On August 29, 2006, Buena Vista Home Entertainment released the first season of The Tick on DVD as The Tick vs. Season One. This collection contains only 12 of the 13 episodes. On May 31, Disney released the following statement regarding the missing episode: "Due to licensing problems, episode No. 11 ("The Tick vs. The Mole Men") is not included. However, we hope to include it in future DVD releases of The Tick". The UK edition of the first season, released the following year, presented all 13 episodes. The second season of The Tick, titled The Tick vs.

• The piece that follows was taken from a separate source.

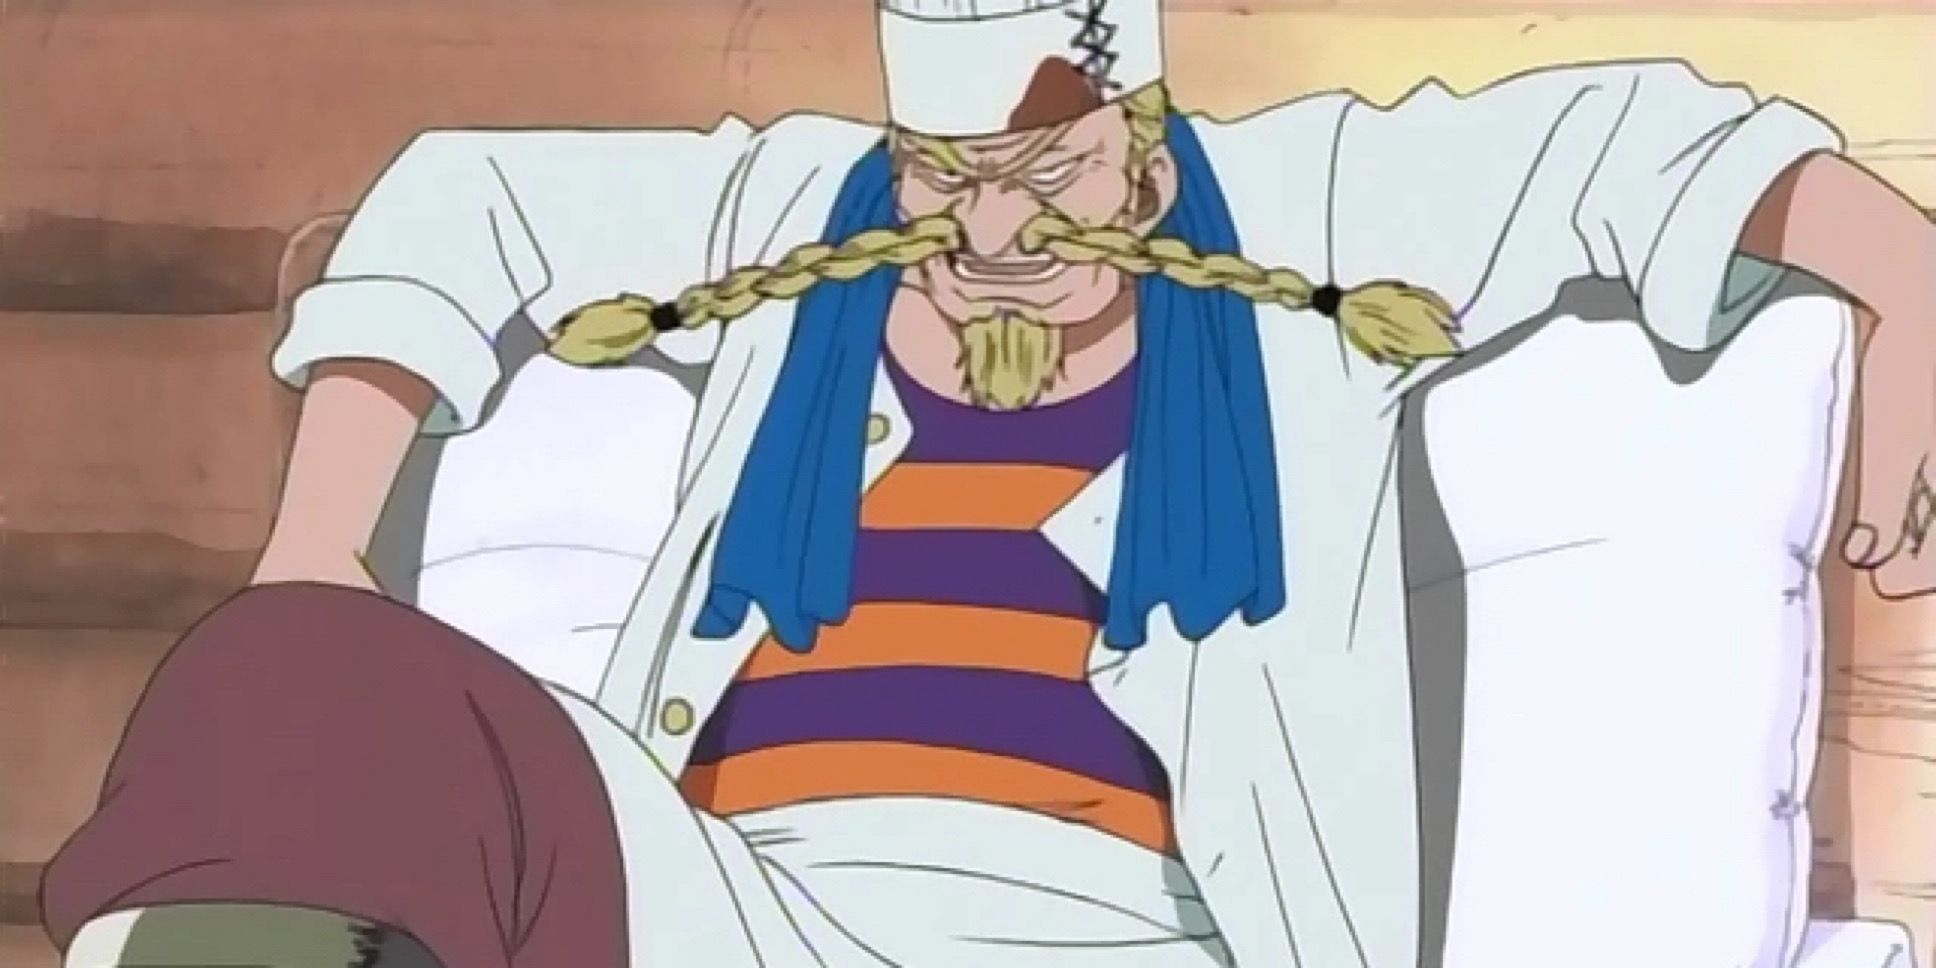 Zeff From One Piece In His Chef Uniform And Peg Leg

Season Two, was released on August 7, 2007. This DVD release is not the complete set, however, as it is missing the episode "Alone Together." This episode features Omnipotus, a parody of Galactus (though earlier episodes used similar comic book parodies, and are available on the DVD releases). In the August 6, 2006, entry of his blog, Christopher McCulloch, the writer for all of the omitted episodes, states that he does not know the reason for the exclusion of episode No. 11 from the Season 1 DVD.

===United Kingdom===
In the United Kingdom, Liberation Entertainment released all three seasons on DVD. Season 1 on 20 August 2007, Season 2 on 8 October 2007, and Season 3 on 21 January 2008 with a boxset following on 17 March 2008. These sets are uncut and unedited, featuring all episodes of the series.

==Reception==

===Critical response===
During its original run, The Tick was nominated for several Annie Awards as well as Emmys and, in 1995, won two of the former. In March 2008, Wizard magazine ranked The Tick No. 16 on its Top 100 Greatest Cartoons. In January 2009, IGN ranked The Tick No. 6 on its Top 100 Animated Series list. IGN went on to regard it "the first great lampooning of the superhero genre" and compared the series to Mel Brooks and Monty Python. On Rotten Tomatoes, The Tick has an aggregate score of 100% based on eight critic reviews.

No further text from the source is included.